2) The finding that metabolic dependencies may exist in oral microbiome is not that surprising per se given that a large body of literature (incl. papers also from the Segre lab) already suggest that metabolic dependencies are likely widespread in microbial communities. Thus, it is not clear whether only the proposed method would be able to identify these.

Indeed, as expressed by the reviewer, the novelty of our work is not so much in pointing out the general possibility of inter-species metabolic exchanges, but rather in (i) the capacity of our method to produce predictions in a way that is specific to the underlying genome and molecular products, but at the same time robust to uncertainty in environmental composition and to missing gene annotations; and (ii) the production of a detailed atlas of biosynthetic capabilities and complementarities for a specific ecosystem of high interest for multiple health-related studies, namely the human oral microbiome. To our knowledge, ours is the first large-scale metabolic analysis of this type in the human oral microbiome. In this sense, it provides valuable new insight into this microbial community and can further serve as a blueprint for analyzing other complex microbial communities.

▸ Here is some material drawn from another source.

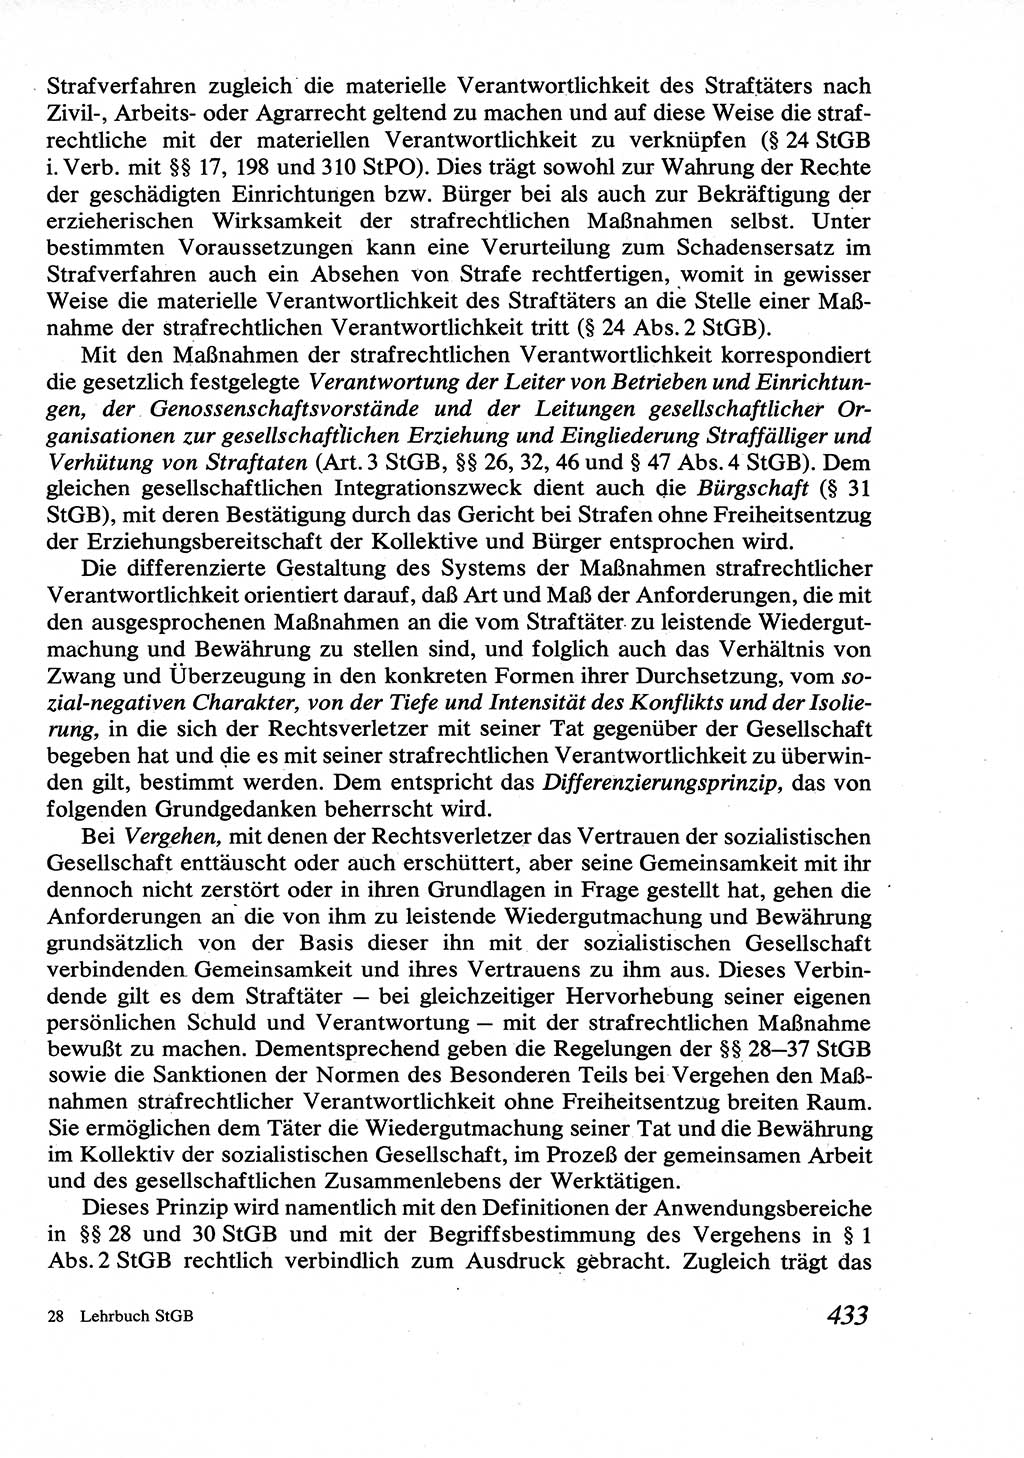 Strafrecht [Deutsche Demokratische Republik (DDR)], Allgemeiner Teil, Lehrbuch 1976, Seite 433 (Strafr. DDR AT Lb. 1976, S. 433)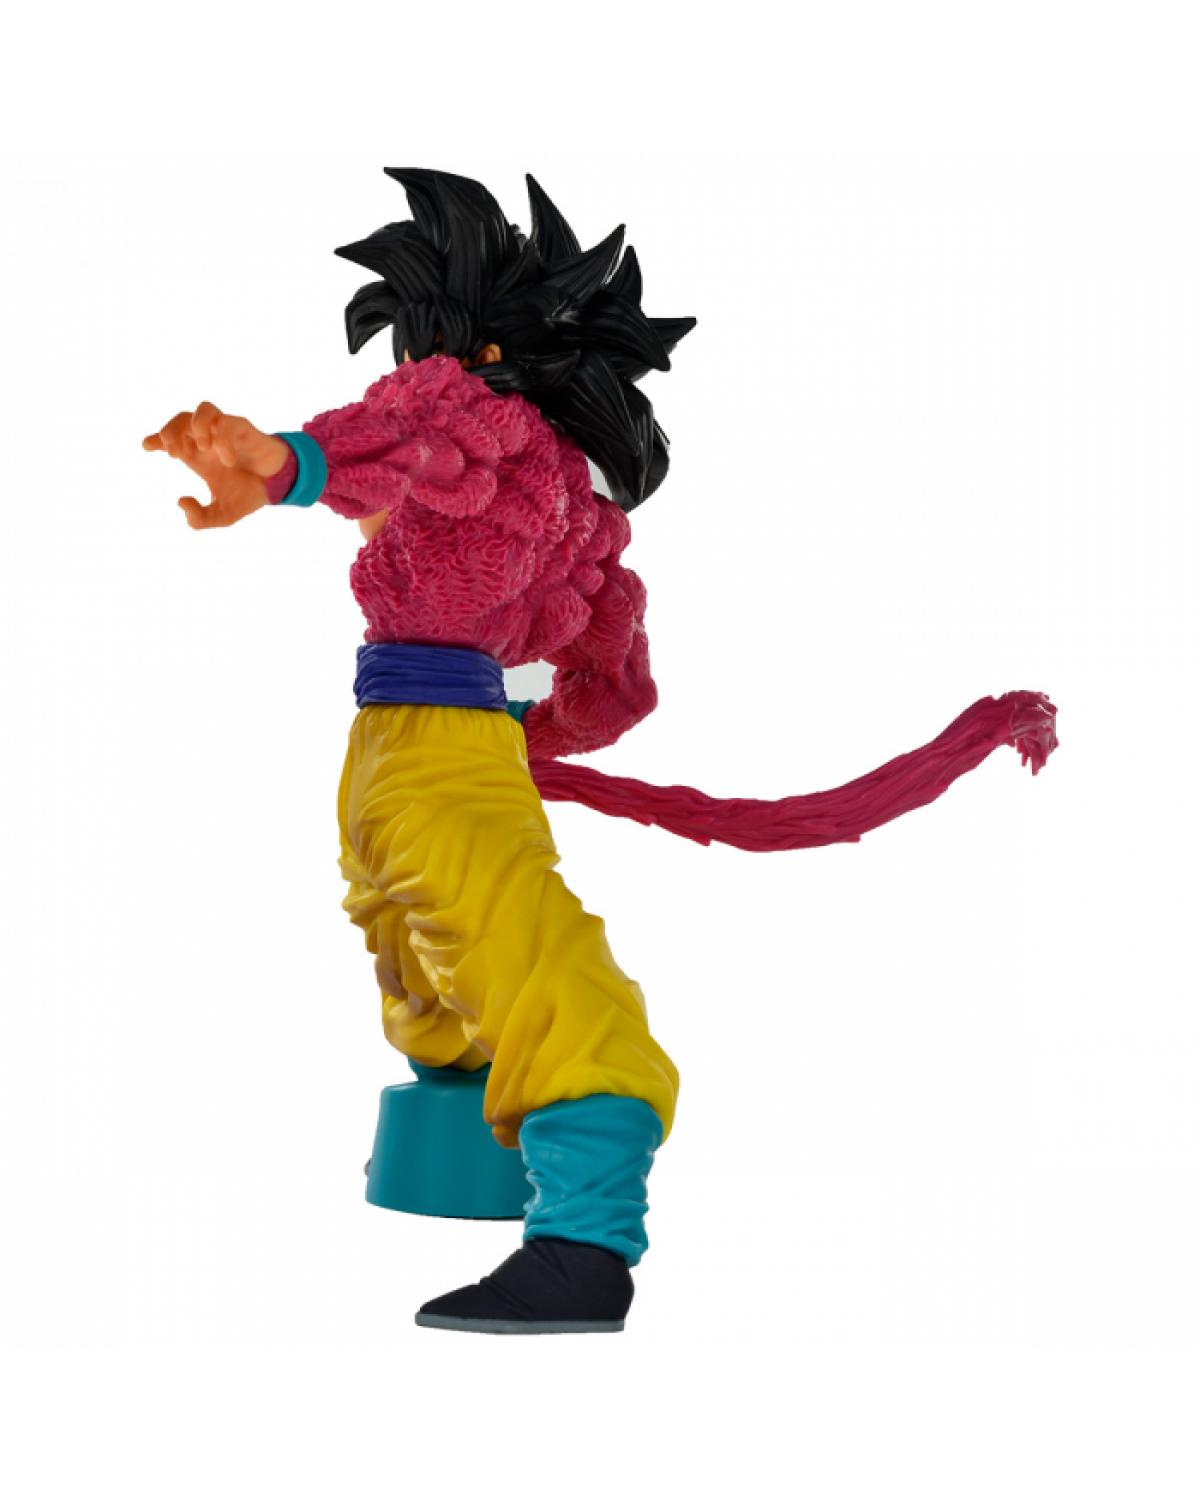 Goku Super Saiyajin 4 Feito Em Impressora 3d Action Figure

In the revised manuscript, however, in line with the reviewer’s comment, we made sure to better present our results in the context of previous analyses. In particular, in addition to more clearly stating the objectives of our work in the Introduction, we reference and describe in more detail prior literature on computational and empirical analyses of inter-species dependencies in microbial communities. Beyond this clarification, we have also added a number of analyses that compare our method to different alternative methods including: pathway completeness (Results section “Producibility of metabolites differs from pathway completeness and captures minimal precursor set structure”, Figure 2—figure supplement 2), flux balance analysis (Results section “Producibility analysis shows improved tolerance to missing reactions compared to flux balance analysis”, Figure 3), and alternative metabolic network analysis methods, such as NetCooperate used in a similar analysis (Levy and Borenstein, 2013), through an analysis of microbial co-occurrence data from the human oral microbiome (Results section “Metabolic similarity correlates with microbial co-occurrence in the human oral microbiome”, Supplementary file 4, Figure 4—figure supplement 6, Figure 4—figure supplement 7).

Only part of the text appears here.